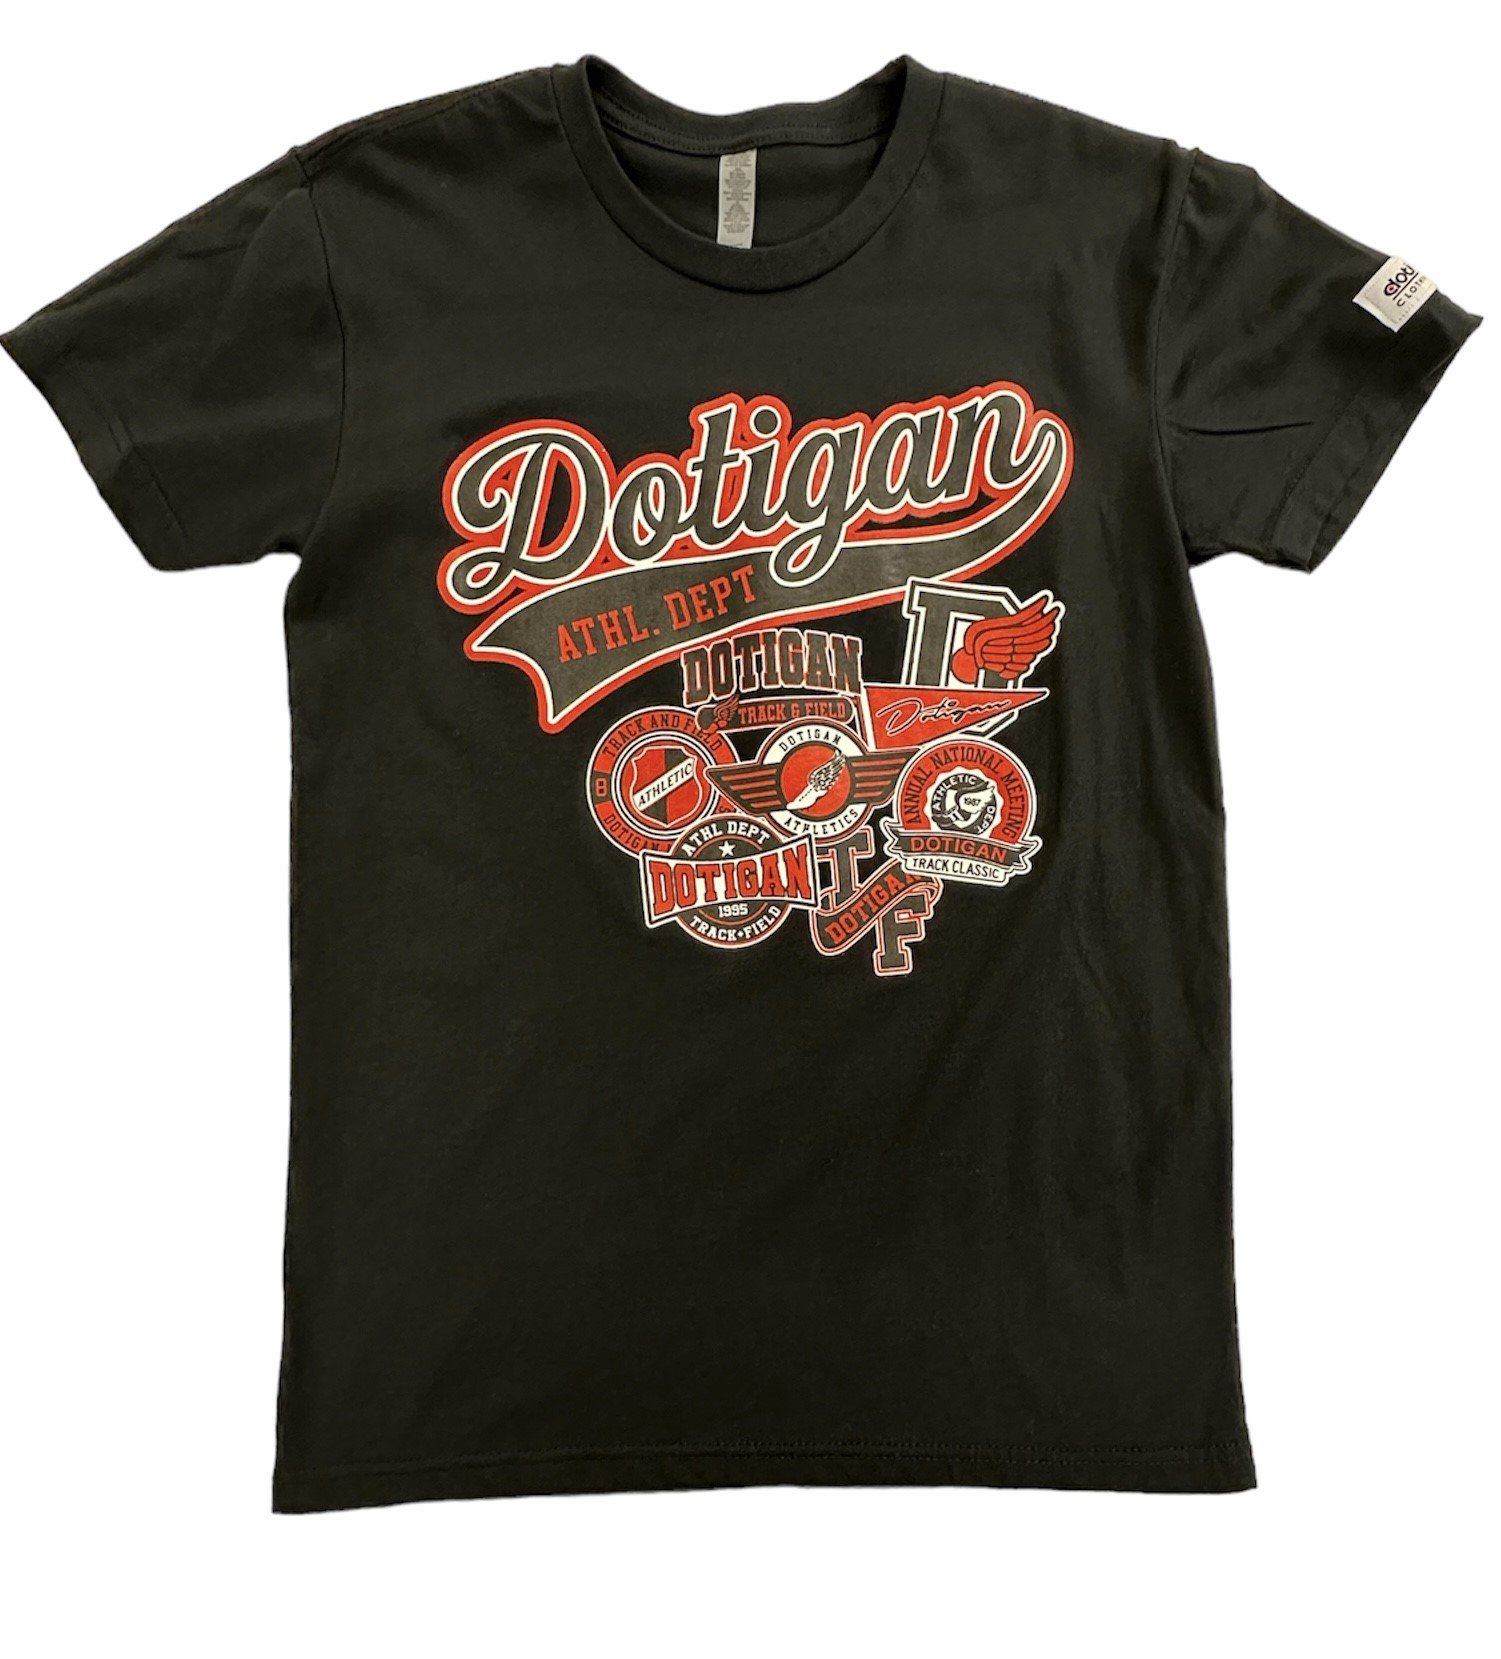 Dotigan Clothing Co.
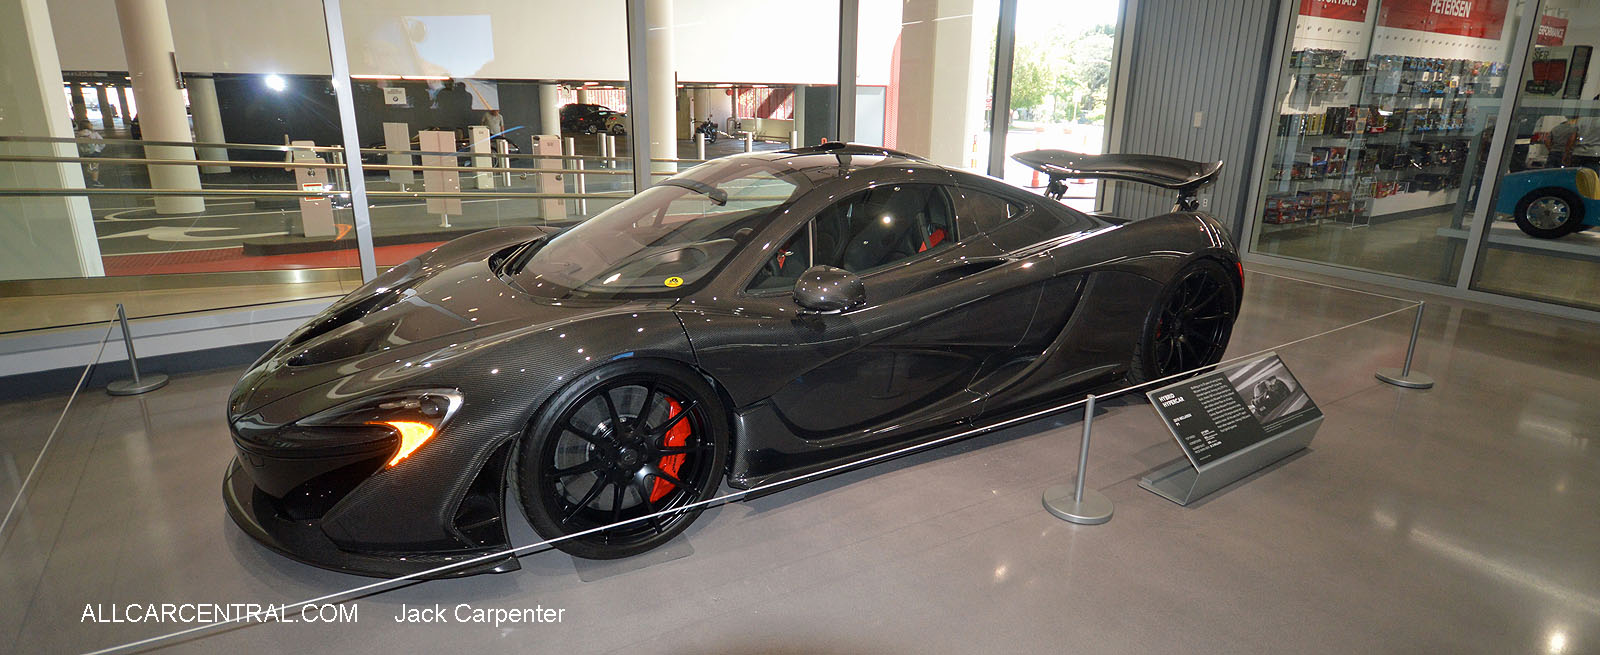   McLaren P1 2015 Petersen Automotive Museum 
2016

**What you should do**: Repeat the lines from the line containing "McLaren P1 2015" through the end of the material above exactly, with no pictures and nothing else.

**Exercise solution**:
   McLaren P1 2015 Petersen Automotive Museum 
2016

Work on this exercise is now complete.